(12.00 - 12.40) Christophe Grellard (EPHE Paris) / Ángela Beatriz Ávalos (Paris 1 – Collège de France) :
La place de l’éthique et la figure du moine-philosophe chez Abélard.
Dans la Theologia christiana (ca. 1125), Pierre Abélard fait des moines les successeurs des philosophes
païens, reprenant, implicitement, une tradition augustinienne et paulinienne qui voit dans le christianisme
l’accomplissement de la philosophie antique. « Je ne veux pas être philosophe d’une manière qui
m’opposerait à Paul ; je ne veux pas être Aristote d’une manière qui me séparerait du Christ », écrit-il dans
son Epistola et fidei confessio ad Heloisam, cette manière étant donc une « théologie philosophique ». Si Pierre
Abélard sera suivi sur ce point par Jean de Salisbury, en revanche, il est une tradition monastique,
représentée notamment par Bernard de Clairvaux ou Pierre de Celle, qui s’oppose violemment à ce
schème et oppose radicalement la philosophia des païens et la disciplina du cloître. Par-delà le schéma
historiographique classique qui oppose l’école et le cloître, le but de cette intervention est d’examiner
quelles conceptions de la philosophie et du philosopher sont à l’œuvre dans ces deux schèmes, en
particulier dans la façon dont ils articulent les différentes parties de la philosophie. La promotion de
l’éthique comme partie fondamentale de la philosophie est indissociable des transformations du XIIe siècle
où se mêlent déclin et renouveau.
Après-midi mardi 30 mai
(14.30 - 15.10) John Marenbon (Trinity College, Cambridge): « Pagans and Philosophers »
In my Pagans and Philosophers. The problem of paganism from Augustine to Leibniz (Princeton University Press,
2015), I examined how the Problem of Paganism — the interrelated topics of pagan virtue, wisdom and
the salvation of pagans — were treated by Latin Christian authors. In this paper I plan to extend this
investigation, so that as well as looking at twelfth-century authors writing in Latin, including Abelard and
William of Conches, I shall look at Muslim and Jewish authors from the same period, who wrote in
Arabic, such as Ibn Tufayl, Averroes and Maimonides. I am thinking, initially, about two questions in
especial: - (1) How do different religious backgrounds and doctrines affect the way thinkers approach the
Problem of Paganism. (Indeed, is there such a problem from Muslims and Jews?) (2) Given the far wider
availability of Aristotle in the twelfth-century Arabic world than in the Latin one of the same period, it is
tempting to think that the shared chronology is merely accidental, and that the real Latin contemporaries
of Averroes and Maimonides are the thirteenth-century thinkers who were the first to study the almost
complete Aristotle. Might it be, however, that real, temporal contemporaneity is more important than this
way of thinking would suggest?
(15.10 - 15.50) Irène Rosier (EPHE Paris) : « Sémantique, ontologie, noétique au début du XIIe siècle:
nouvelles perspectives et nouvelles questions »

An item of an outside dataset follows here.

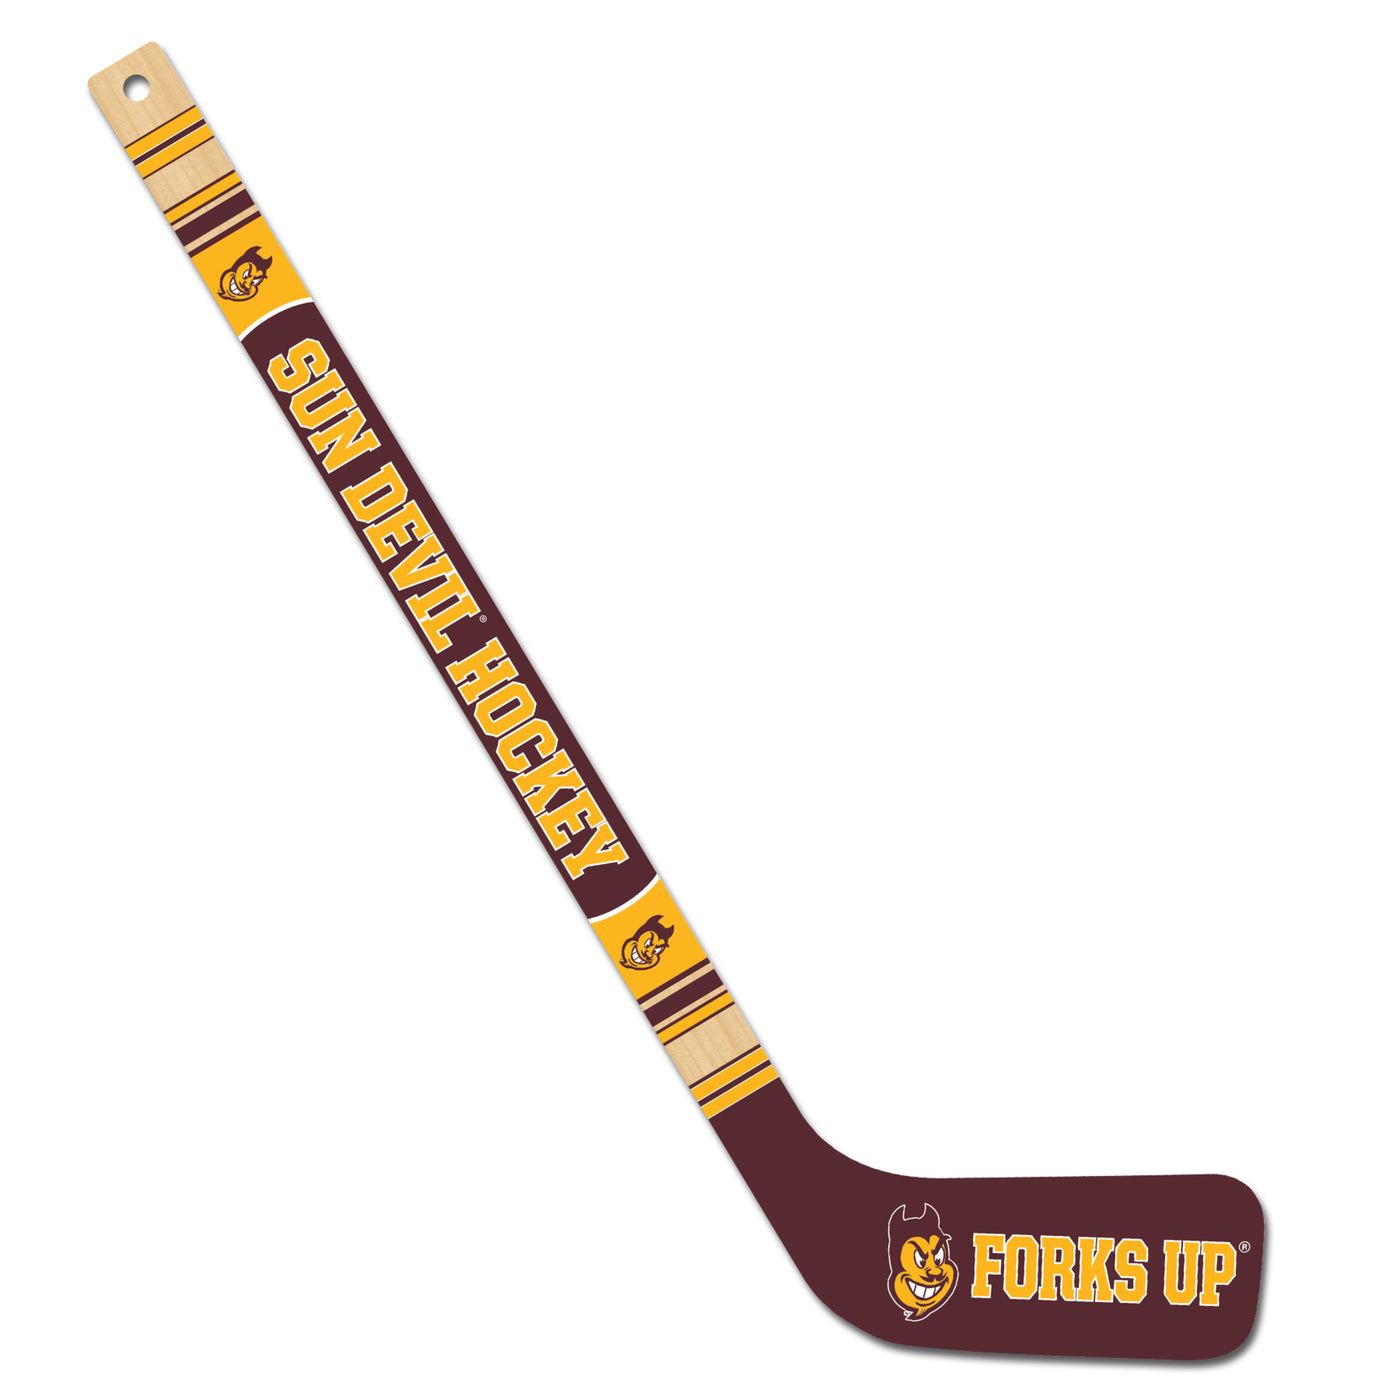 ASU Small wooden miniature hockey stick . various patterns of gold and maroon stripes all down the stick. At the bottom it is maroon with the text

Le début du XIIe siècle est pour la philosophie, la période où émerge Paris comme centre de savoir, celle
des écoles ou « sectes philosophiques ». La question du langage y tient, dès le départ, un rôle essentiel,
mais, en raison des corpus disponibles, elle est indissociable des questions ontologiques et noétiques. La
figure d’Abélard est majeure, et on la voit encore trop souvent, telle qu’il l’exposait lui-même, en lien ou
en rupture avec son maître Guillaume de Champeaux. Pourtant la place de Guillaume, qui enseigna la
grammaire, la dialectique et la rhétorique mérite d’être envisagée pour elle-même, maintenant que cet
enseignement est mieux connu, grâce à des éditions nouvelles qui forcent à reconsidérer les notions
d’auteur et d’école et les enjeux des débats doctrinaux. Je voudrais ici me centrer sur les recherches et
hypothèses récentes – notamment sur les origines et la nature du « vocalisme » et les facettes des
différents « réalismes » – et montrer en quoi elles suscitent de nouvelles perspectives notamment pour
penser les liens entre les questions sémantiques, ontologiques et noétiques.